--- Records shown Enclosed Below ---
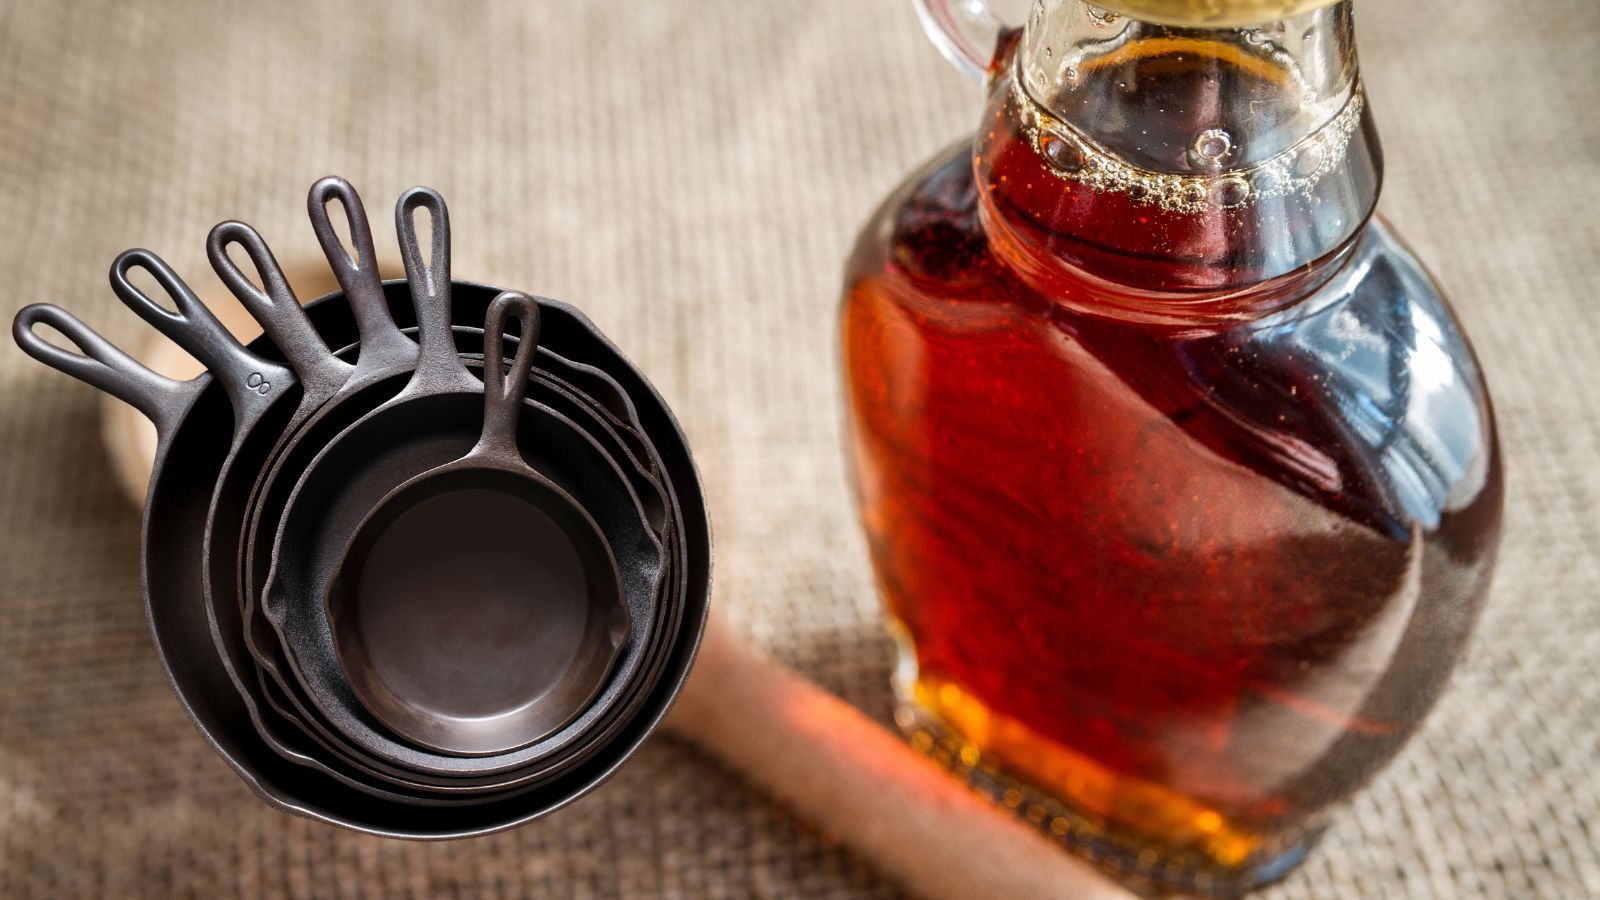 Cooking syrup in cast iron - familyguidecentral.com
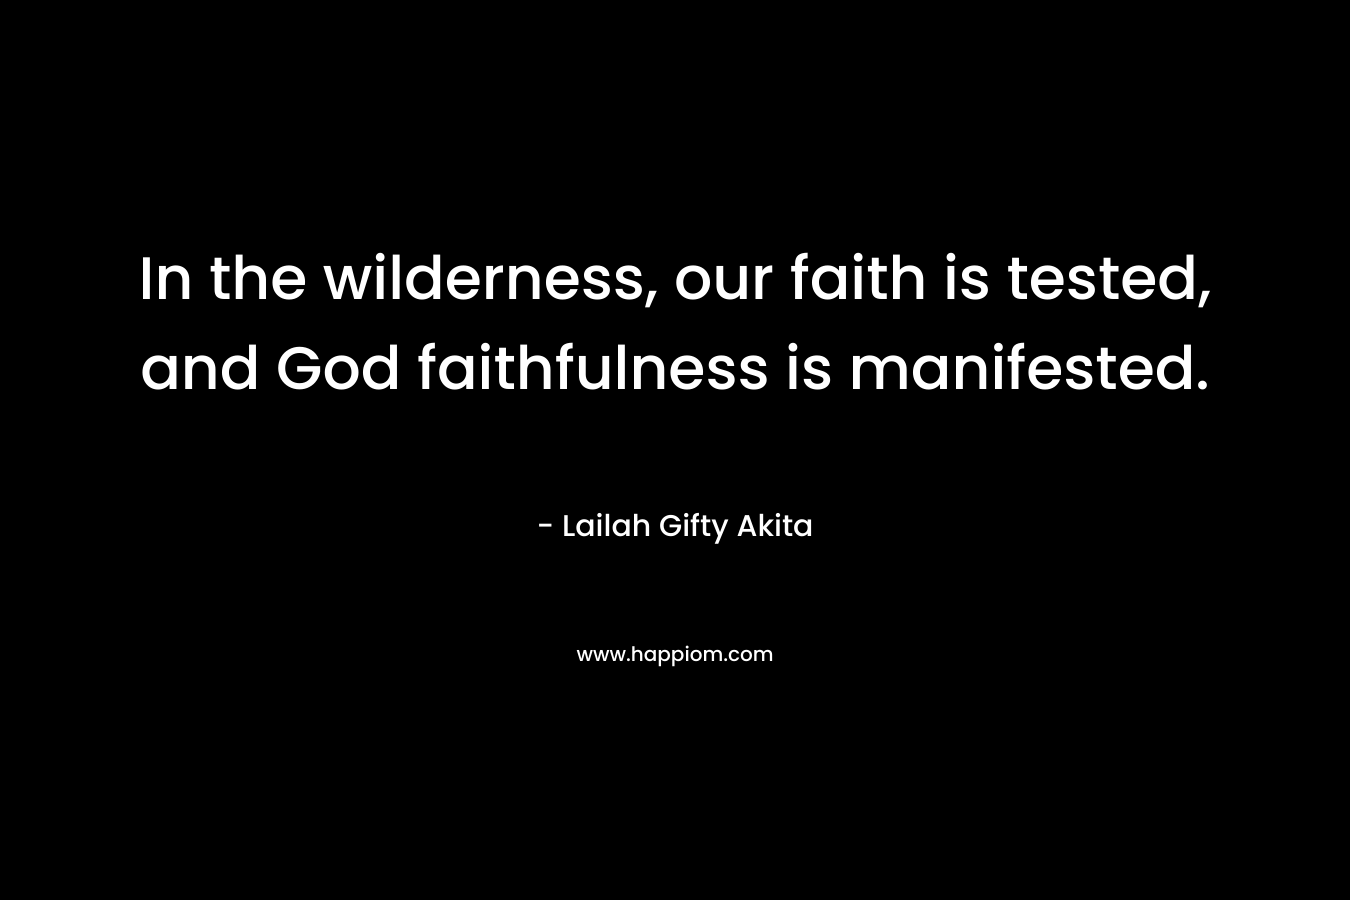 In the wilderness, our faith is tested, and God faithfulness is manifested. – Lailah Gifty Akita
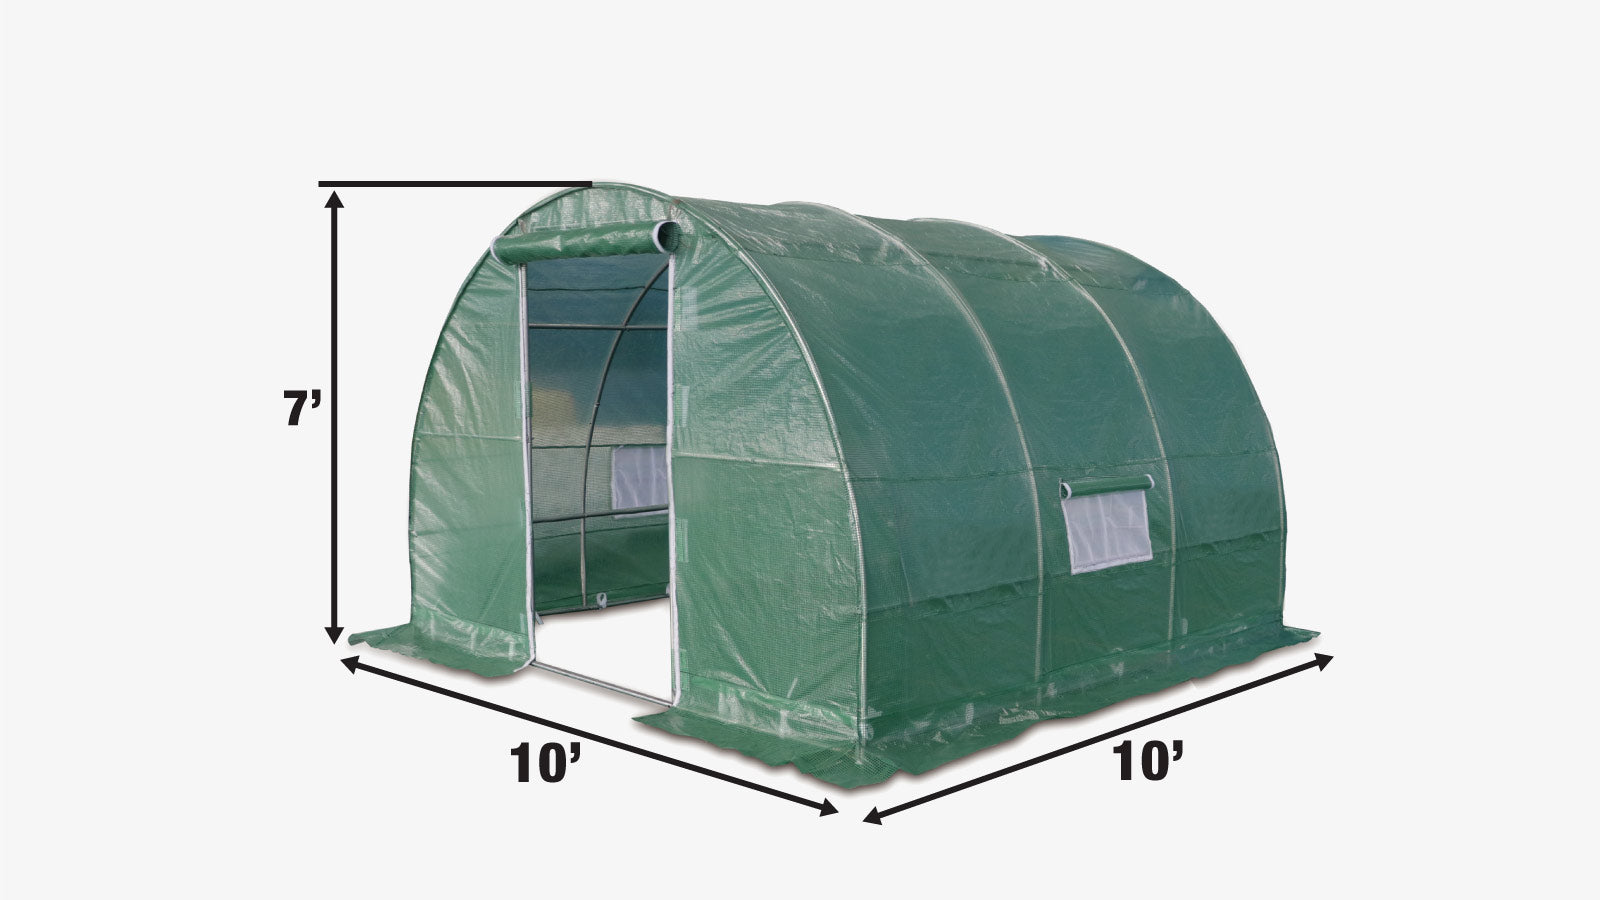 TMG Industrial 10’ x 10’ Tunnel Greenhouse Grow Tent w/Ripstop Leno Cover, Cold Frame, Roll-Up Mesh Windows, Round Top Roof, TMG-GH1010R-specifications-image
--- End of Enclosed Records shown ---
--- Records shown Enclosed Below ---
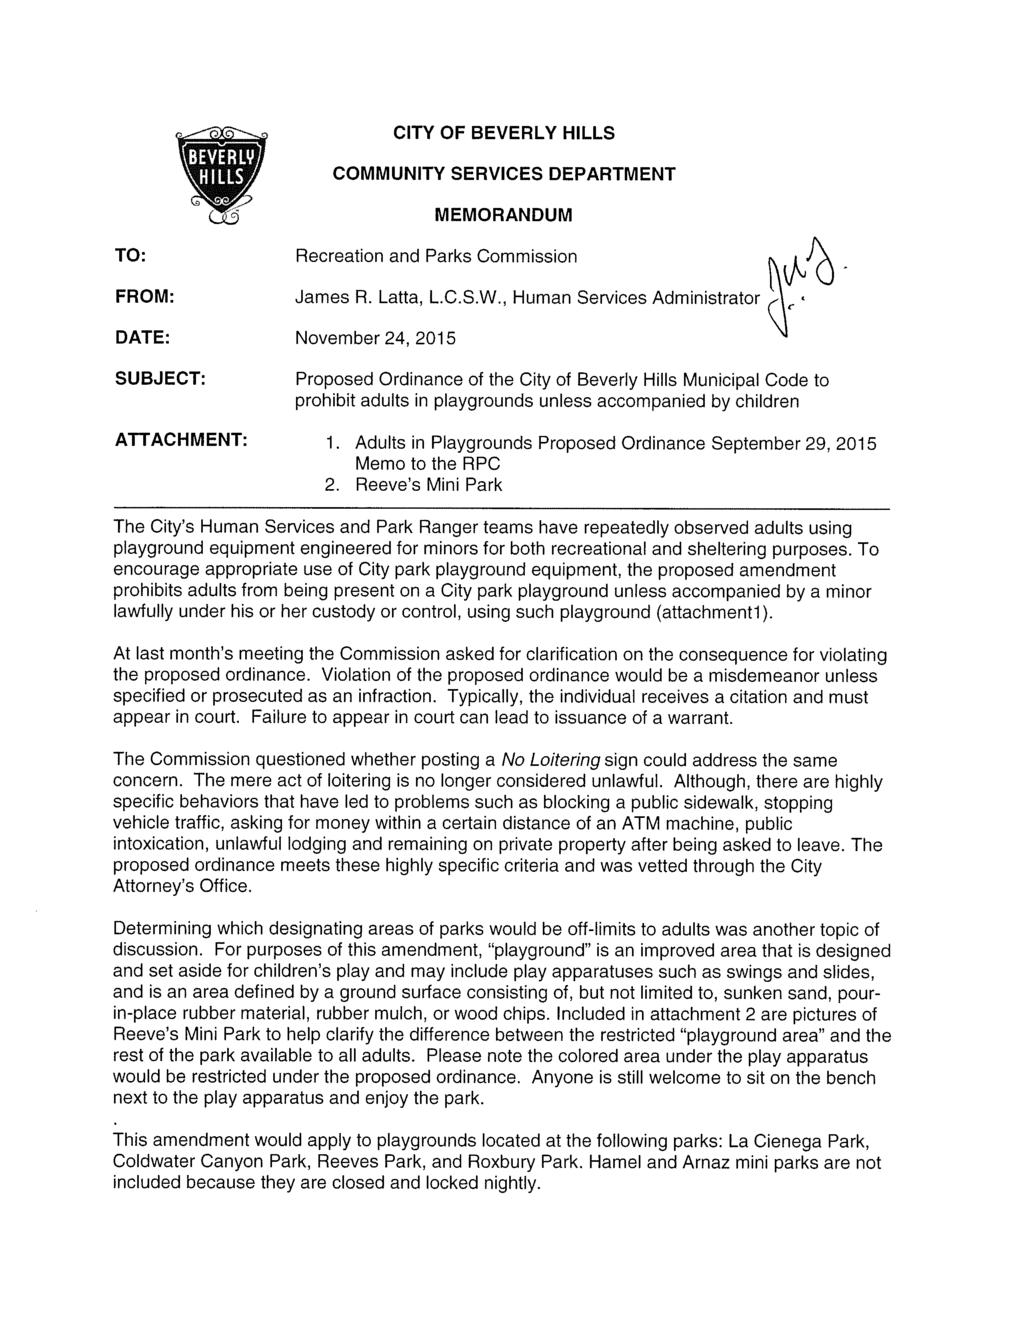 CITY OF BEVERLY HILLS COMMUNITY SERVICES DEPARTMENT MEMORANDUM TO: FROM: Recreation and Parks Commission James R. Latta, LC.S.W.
--- End of Enclosed Records shown ---
--- Records shown Enclosed Below ---
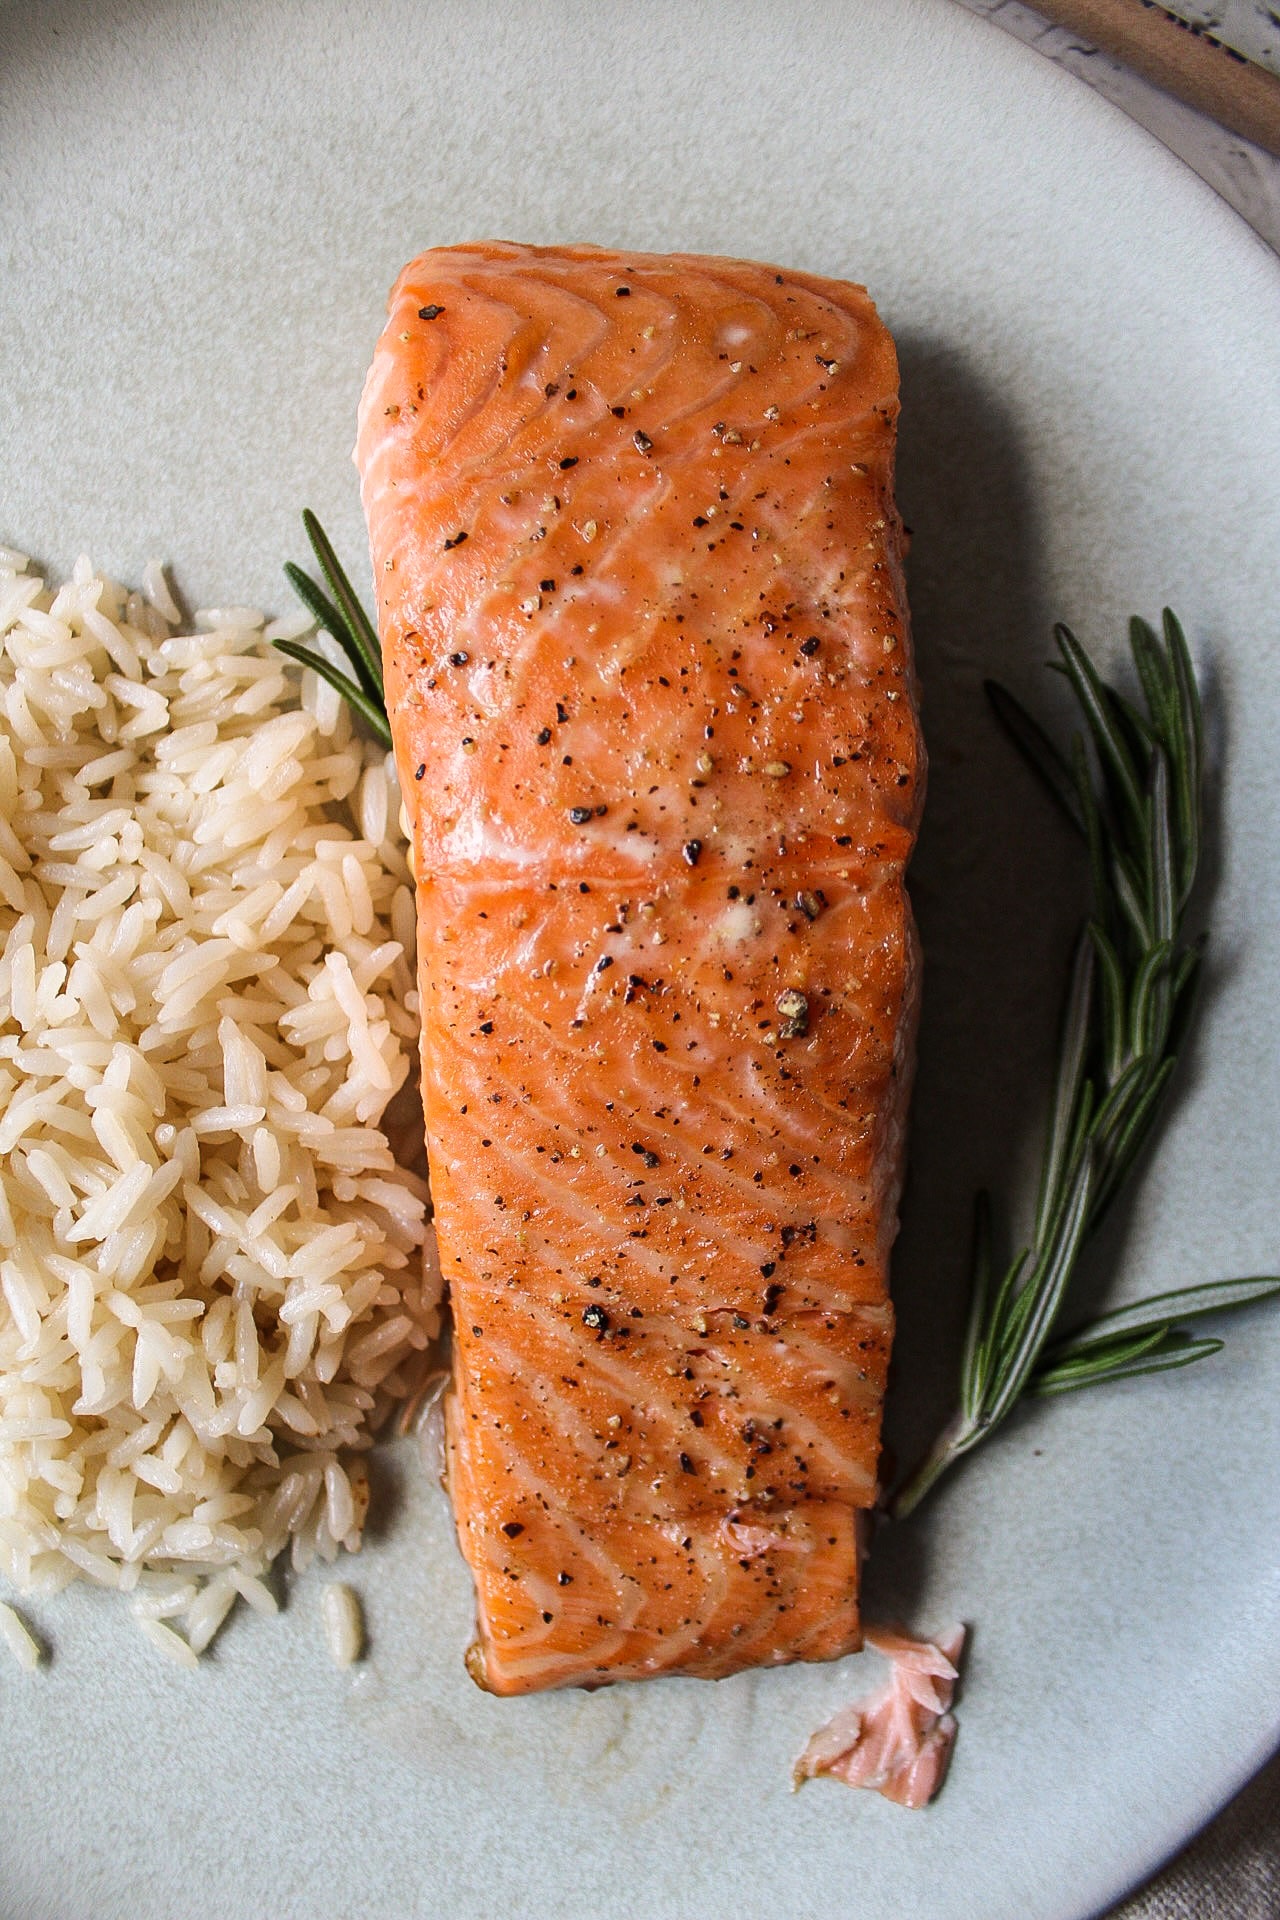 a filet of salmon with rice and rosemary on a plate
--- End of Enclosed Records shown ---
* Exercise goal: Repeat exactly the stretch of the listing above that starts with the line holding "Cooking syrup in" and finishes with the line holding "In the wilderness, our", both included. Skip every picture.

* Task result:
 Cooking syrup in cast iron - familyguidecentral.com
 In the wilderness, our faith is tested, and God faithfulness is manifested. – Lailah Gifty Akita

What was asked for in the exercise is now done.